そろそろ、クライマックスに差し掛かりました。
東高校招待バスケです。
実は、春の県大会予選での本庄西が児玉を破ったことは、もちろん他のチームが知っていましたが、その勝ち方も各チームの監督は知っていました。さすが本庄西だねと言われました。児玉に勝つ方法があったんだと。
それで、この東高校の大会から他のチームが本庄西と同じことをやり始めたのです。打たれだしたら誰もが打てる大リーグボールではないですが、弱点を見つけられたら、みんながそこを突いてくるという形になりました。
しかし、その戦法は他のチームではだめでした。私もそんなに下手ではありません。他のチームでは、私を抑えようとしても、私が楽々振り切って、シュートを決めてしまいます。やはり、その戦法を編み出した本庄西はただあみだしただけでなく、プレーのレベルが高いのです。もしかすると、H君はディフェンスの一番うまい選手だったのかもしれません。

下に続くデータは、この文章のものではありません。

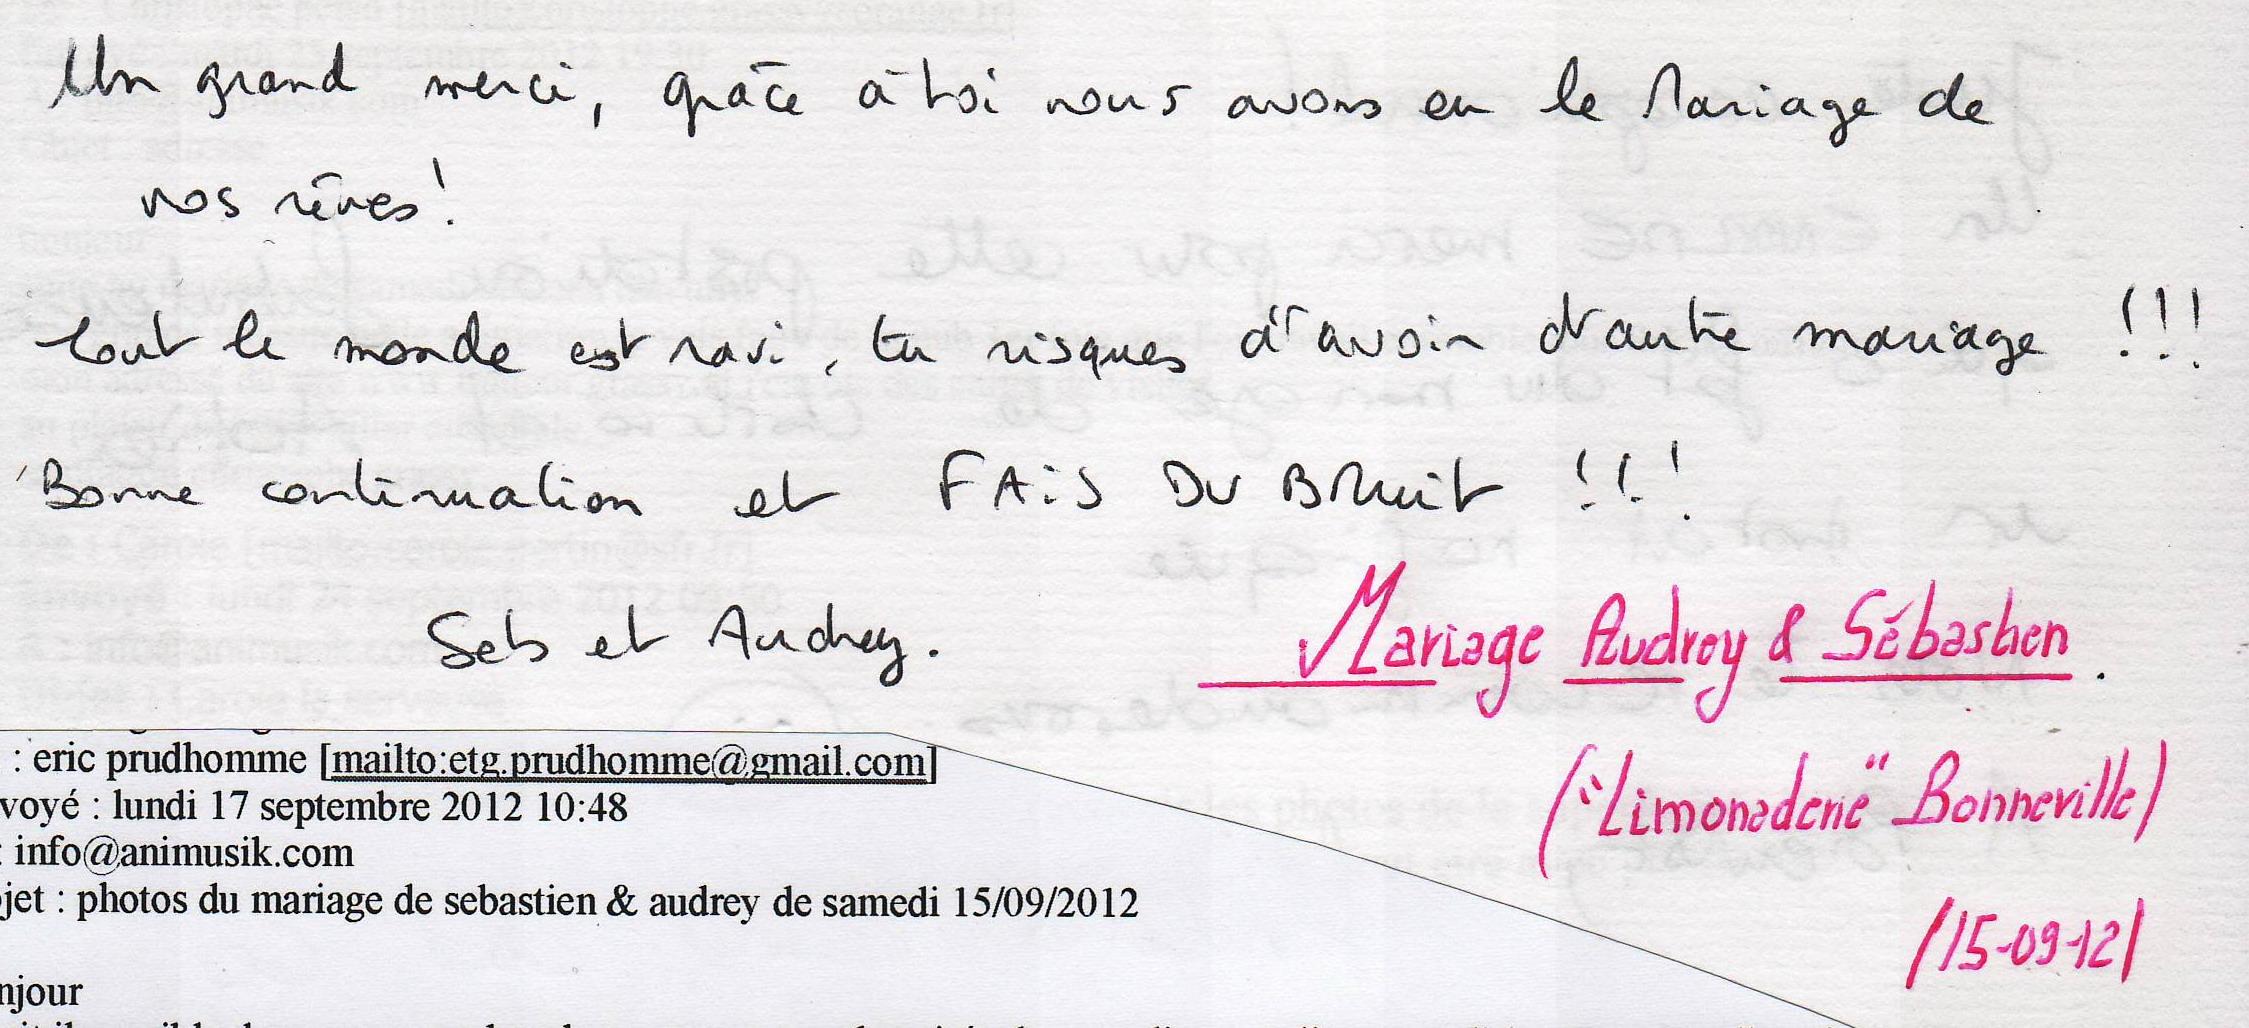 Mariage_DELAFOSSE_Sébastien_&_Audrey_(Limonaderie_Bonneville)_(15-09-2012)

ただ、思ったのは、弱いチームなら、仮に私が出なくても勝てますが、問題は上里でした。上里が本庄西とおなじことをやったら、どうなるかは、ちょっと気になりました。そして、思った通りやってきました。私たちは、実はその対策を持っていました。秘策に対する秘策を用意しているのです。しかし、それを使う訳にはいきません。もし負けそうになったら使うかもしれませんが、そうでない限り使わないと決めていました。

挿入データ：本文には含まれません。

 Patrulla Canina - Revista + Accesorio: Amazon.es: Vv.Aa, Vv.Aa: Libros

監督とコーチから、それは使うなと言われていました。だから、我々は、何も対策のないまま戦うしかないのだと相手に思わせなくてはなりません。そのため、まず上里がポイントでした。
しかし、上里は私が想像するほどは、強くありませんでした。夏までに伸びてこなかったのです。我々が練習試合で大原に勝ったことは、それなりに力が伸びていた証拠ですが、その分上里とは差がついていたのですね。
どうしてだか、分かりませんが、春の大会以来、上里は常に準決勝で児玉と当たるようになっていました。そして、そのたびに、差が開いていきました。
決勝は、予定通り児玉対本庄西でした。
この大会は、面白いことに、予選は外コートで行ない、決勝だけ体育館でした。
女子は早々と児玉が優勝していました。児玉の女子は、負けることはなく、常にこの児玉郡本庄市の大会では優勝していました。
そして、男子の決勝です。
我々は、大変な秘策を持っていましたが、この大会では見せるなと指示が出されていました。そして、極端に言えば、この試合は負けろとまで言われていました。
負けろがオーバーなら、勝ってもいいが、勝たなくてもいい。というのです。
とにかく、秘密兵器は封印しろという命令でした。だから、日頃練習していた方法は全く見せませんでした。
すると、この試合は本庄西が次の作戦を披露しました。それは、なんとこちらが得意なマンツーマンディフェンスで来たのです。私は驚きました。ということは、ボックスワンではないのです。マンツーマンなら、攻め方が違います。それで、我々は、全員が大きくコートの端まで広がって、コートの中央を空けました。マンツーマンということは、一人に一人づつ付くのです。オフェンスのいるところにぴったり一人づつです。ということは、オフェンスが広がれば、必然的にディフェンスも広がるので、コートの中央が空くことになるのです。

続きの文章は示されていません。